Distorted picture
Friday, April 13, 2001
San Jose Mercury News

News media are very big on crime-by-kids stories -- at a time when violent juvenile crime is declining.

YOUTH hardly ever show up in our newspapers or on nightly newscasts, but when they do, they are overly linked to violence or crime.

In a stunning rebuke, a new study concludes that the media routinely botch reports on the crime rate, the proportion of violent crime and the proportion of crime committed by youth of color. All of this at a time when violent crime by juveniles has actually dipped.

The skewed lens has ruinous effects: It punctures media credibility and, equally damning, it perpetuates an inaccurate and unfair image of crime in America.

The Berkeley Media Studies project, "Off Balance: Youth, Race and Crime in the News," reviewed crime coverage in news outlets across the nation.

The study, commissioned by Building Blocks for Youth, a national juvenile advocacy group, found:

  • A California study showed one out of every two TV news stories concerning children or youth involved violence, but only 2 percent of young people in California were either victims or perpetrators of violence.
  • Homicide coverage on network news increased 473 percent from 1990 to 1998, while homicides decreased 32.9 percent during that time.
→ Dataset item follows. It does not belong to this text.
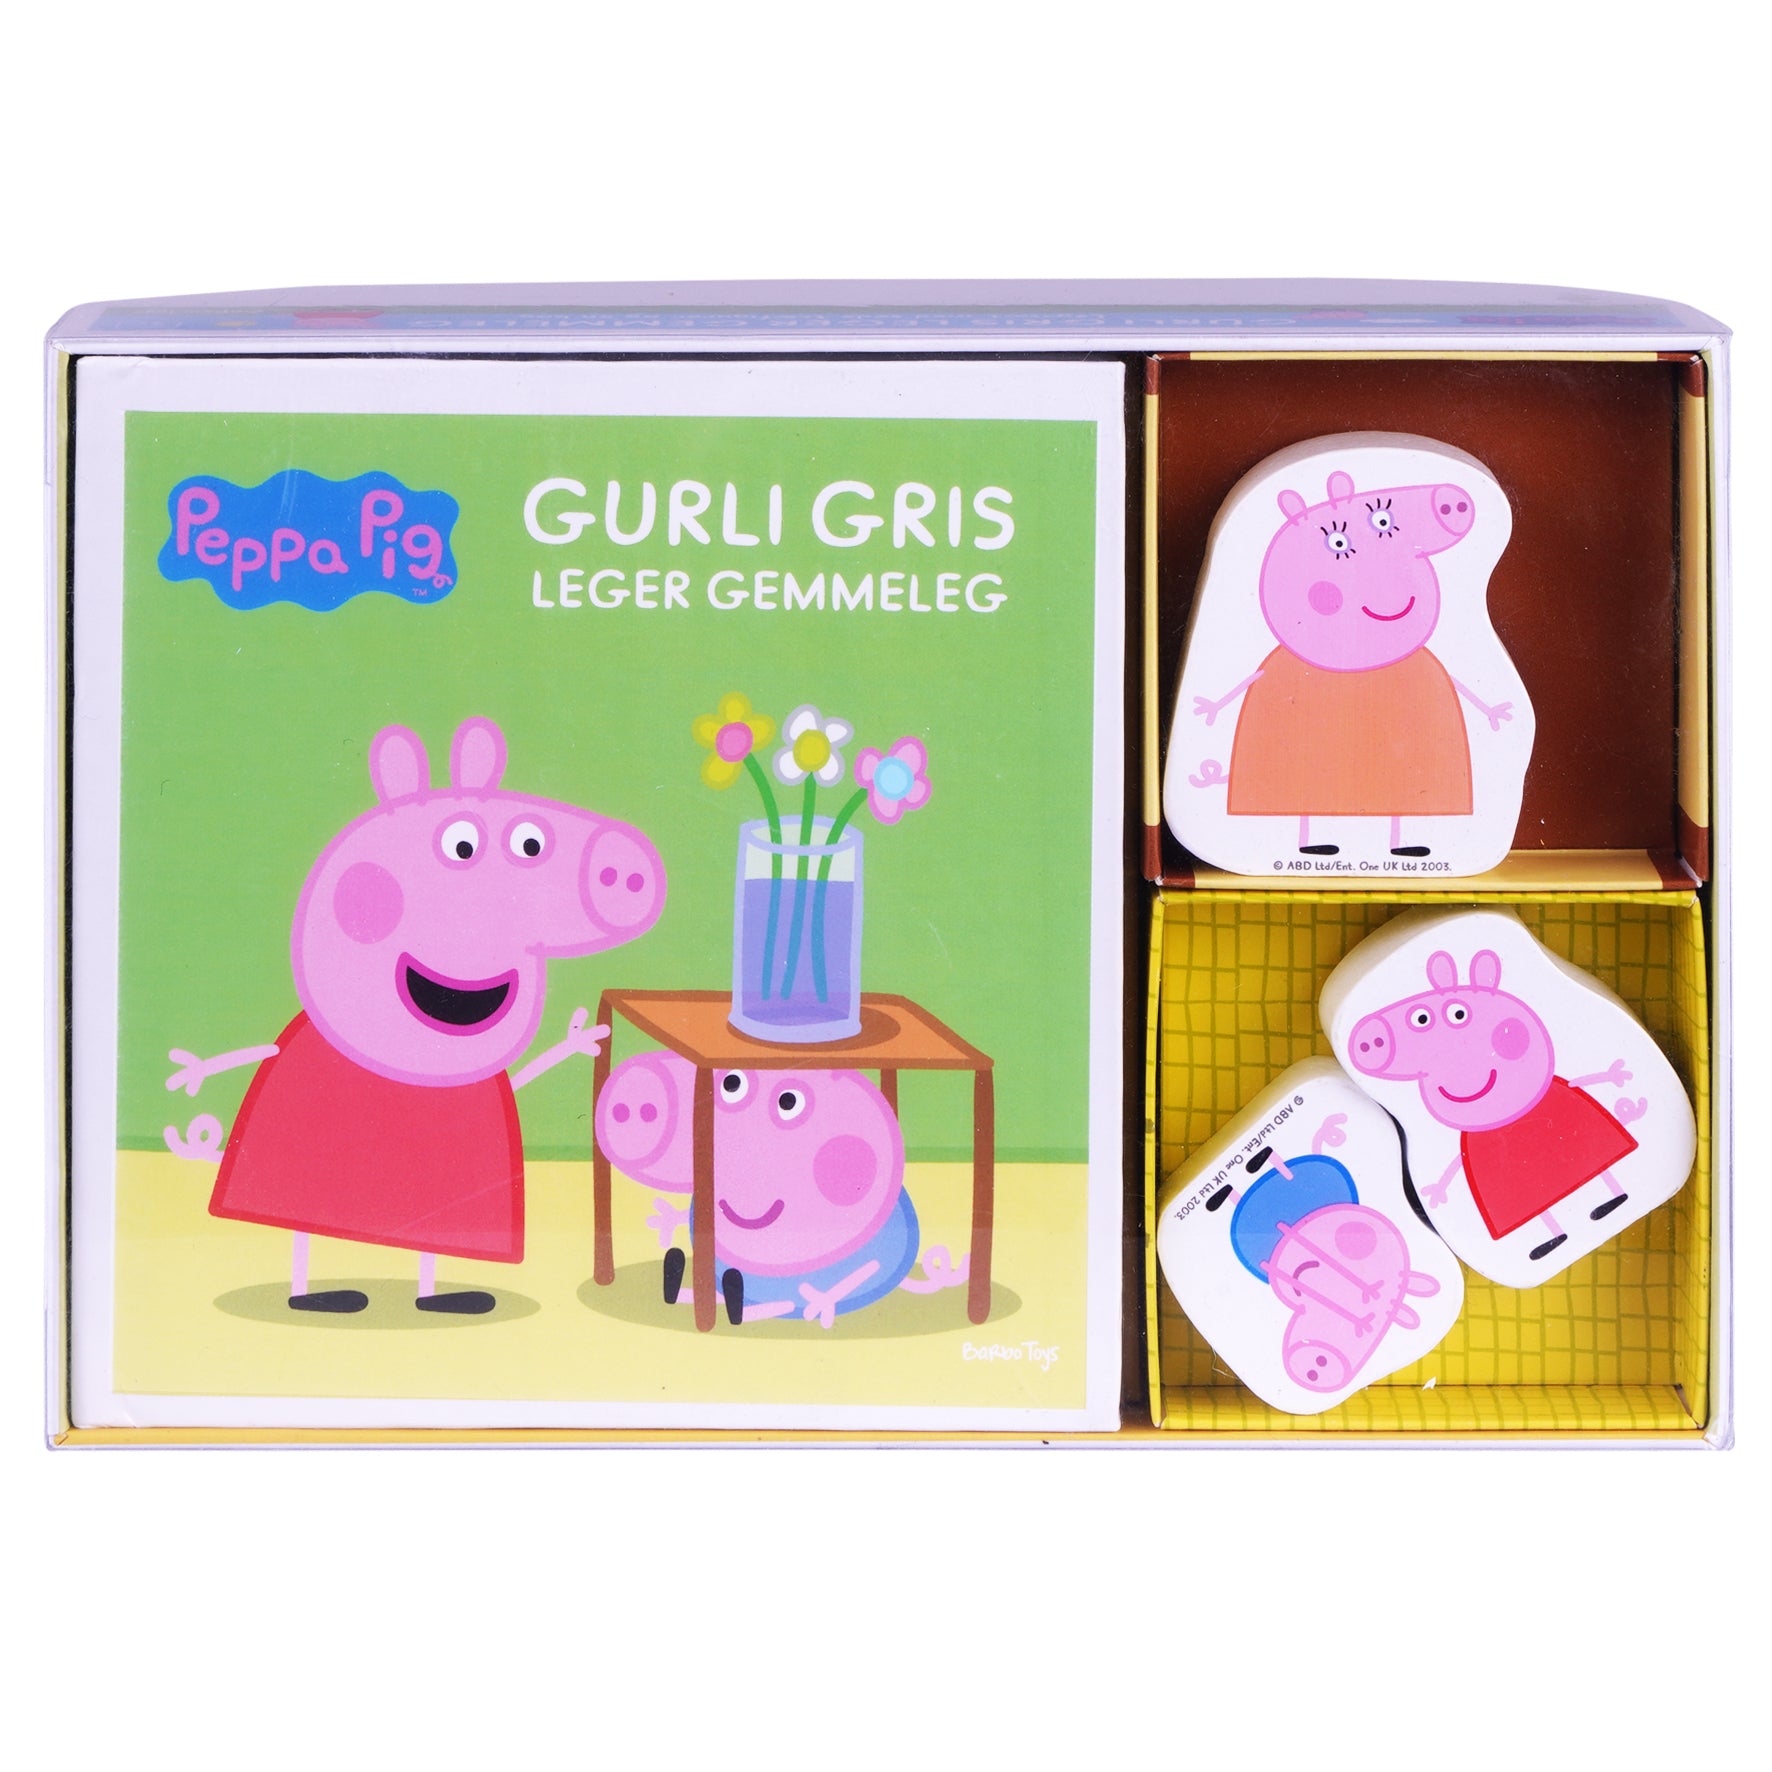 gurli gris leger gemmeleg legesæt med søde træfigurer og en bog

While there was a 68 percent decline in homicides committed by youth from 1993 to 1999, 62 percent of the public still believed that youth crime was on the rise.
  • Three-fourths of the media studies on the race of perpetrators found that minorities were depicted substantially in excess of their rates of offending.

Regrettably, if news audiences are swallowing crime coverage at face value, disturbing assumptions will abound.
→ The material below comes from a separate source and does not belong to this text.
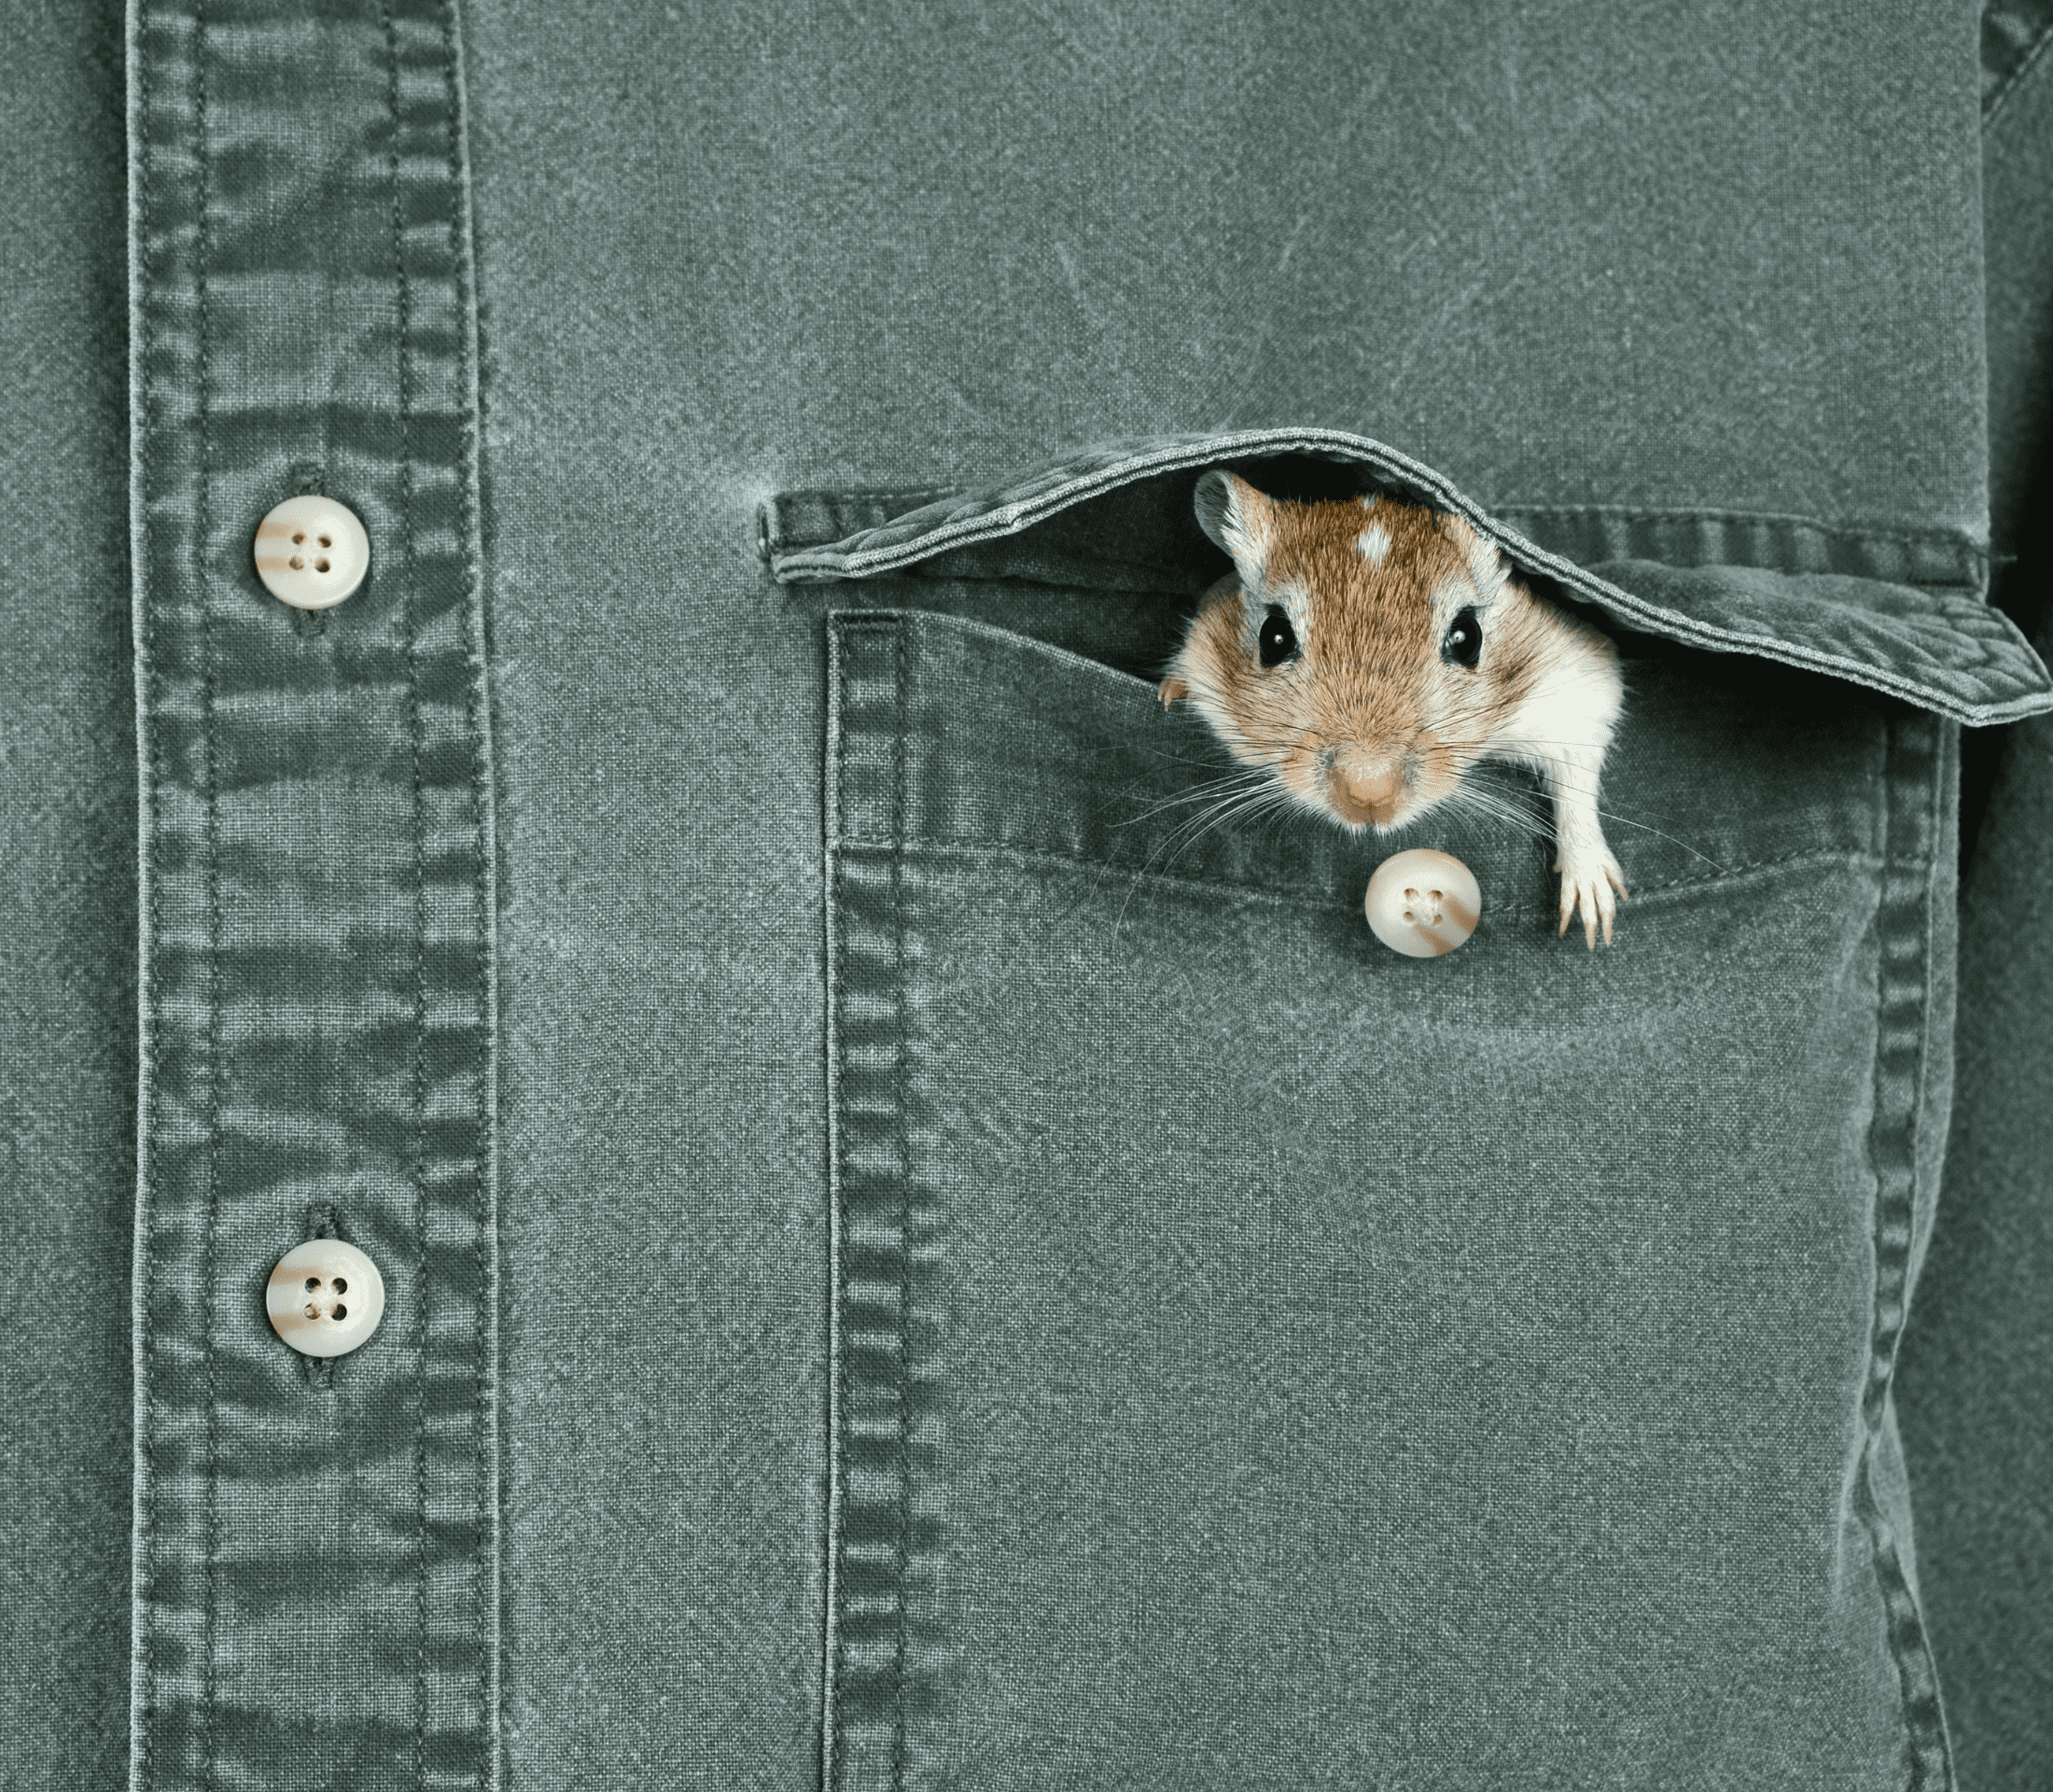 Pocket pet inside a front pocket

They are likely to suspect that most crime is extremely violent and that perpetrators are black or Latino and victims, white. If news audiences have little contact with young people, they are likely to think that youth are threats. This is in part because there are so few other representations of youth to the contrary, the study's authors conclude.
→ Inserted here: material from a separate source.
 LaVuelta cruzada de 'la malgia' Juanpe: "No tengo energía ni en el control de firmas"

Small wonder, then, that the public believes youth crime is out of control and supports lock-'em-up justice policies based largely on media distortion.

In a profession that prides itself on "just the facts," news outlets have been remarkably inclined to report fiction, not to mention reinforce stereotypes.

Crime is a serious problem that demands news attention and political action. But our response is severely crippled -- often fostering bad policies -- when the press abdicates its basic responsibility to tell the truth.